Only the numPartitions and retentionMs fields are required when creating a stream. The rest of the topic configurations (retentionBytes, cleanupPolicy, segmentMs, segmentBytes, and segmentIndexBytes) are optional. Below is a table of the default values and acceptable ranges for these optional fields:

Field Default value Acceptable values/ranges
retentionBytes 1073741824 [10485760..1073741824]
cleanupPolicy delete [ delete, compact ]
segmentMs nil [300000..2592000000]
segmentBytes 536870912 [10485760..536870912]
segmentIndexBytes nil [102400..104857600]

If the cleanupPolicy field is set to compact, it will disable deletion based on time, ignoring the value set for the field retentionMs.

Event Streams is an IBM Cloud managed version of Apache Kafka. It uses standard Kafka libraries to read and write data to topics.
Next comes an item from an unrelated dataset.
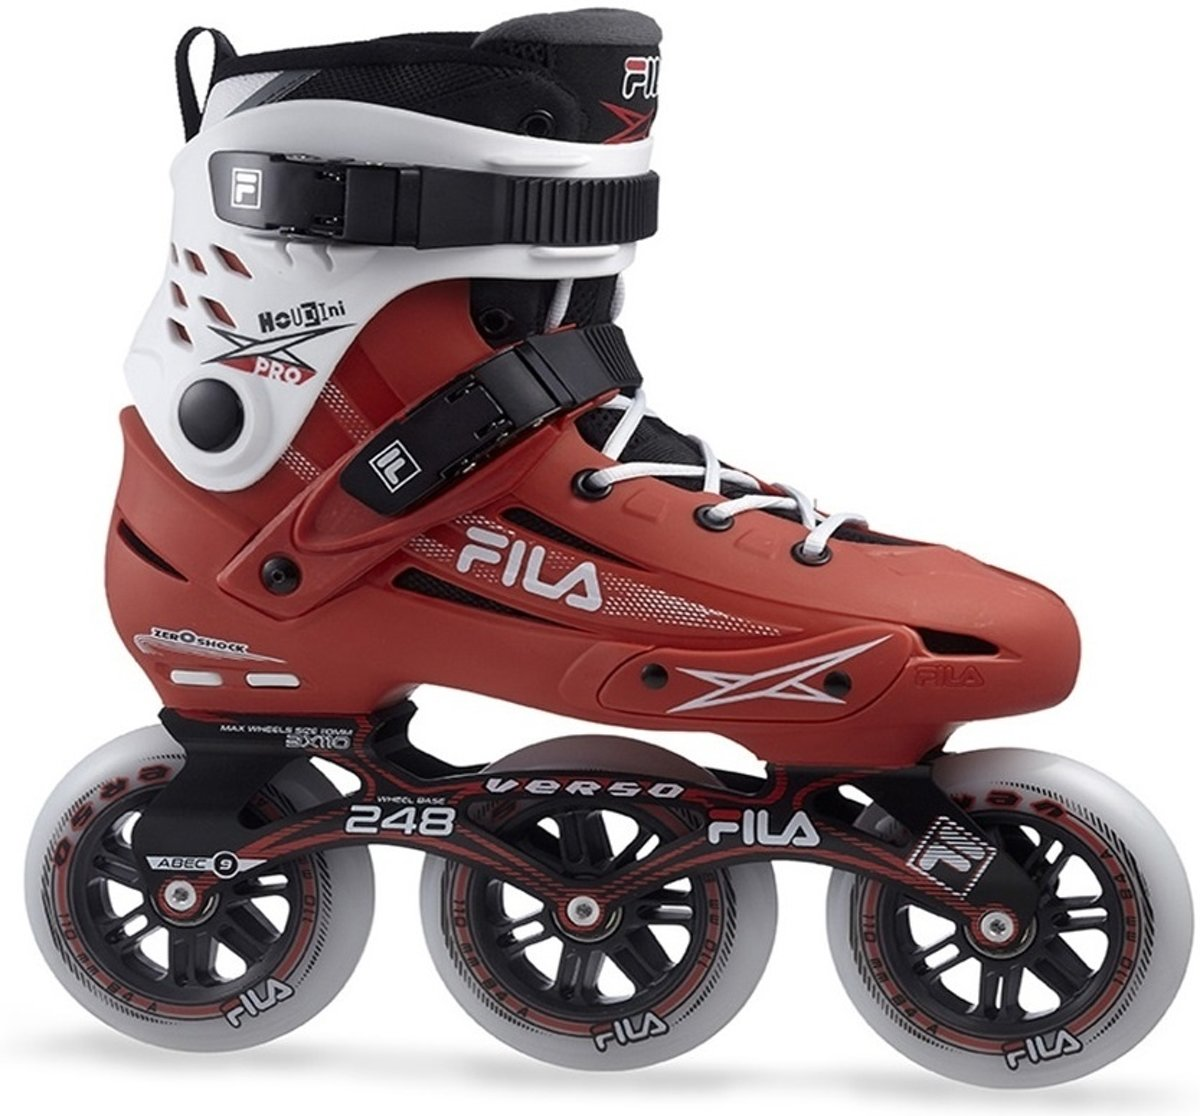 Afbeelding van product FILA INLINE SKATES, HOUDINI PRO 110  - maat 47

See the IBM documentation for details on connection parameters.

Apache Kafka

Apache Kafka has its own API and clients are available for most languages. If using IBM Event Streams, see their documentation for details on connection parameters. Below are the requirements on the records written to and read from Kafka.

Health Input Data - FHIR Model

HRI does not impose any requirements on the format of the content of the Health (data) records written to Kafka, although Alvearie has selected FHIR as the preferred data model for all Health Data. See their FHIR implementation guide for more details. Data Integrators and Data Consumers must work together to agree on the specifics of the input data such as format and frequency.

HRI-Specific Requirements

The HRI does have the following requirements and recommendations:

  • Batch ID Header - every record must have a header entry with the batch ID that uses the key batchId. Data Integrators may include any additional header values, which will get passed downstream to consumers.

  • Zstd Compression - use zstd compression when writing to Kafka by setting the compression.type producer configuration. Event Streams throttles network usage and limits Kafka messages to 1 MB. Using compression will help prevent an Event Streams bottleneck.

  • 1 MB Message Limit - Event Streams limits messages to 1 MB. There is not a way to directly set the max message size after compression is applied in the Kafka producer. The message.max.bytes producer configuration is applied before compression. The batch.size producer configuration can be set to limit the batching of records, but it can also affect performance. We recommend doing performance testing to determine appropriate values based on your data. For records over 1 MB compressed, there are two strategies:

    1. External References - for records that have large binary attachments like images or pdfs, you may provide a reference to the large resource that is included in the message, rather than the (large) resource itself. For example, you could put a COS Object URL, or some other external data store URL, and key into the message.

    2. Splitting up Records - records can be split into smaller parts, sent through the HRI, and re-assembled by down stream consumers.

Notification Messages

The notification messages are json-encoded batches. They match the schema returned by the Management API described above, which is also defined here: batchNotification.json.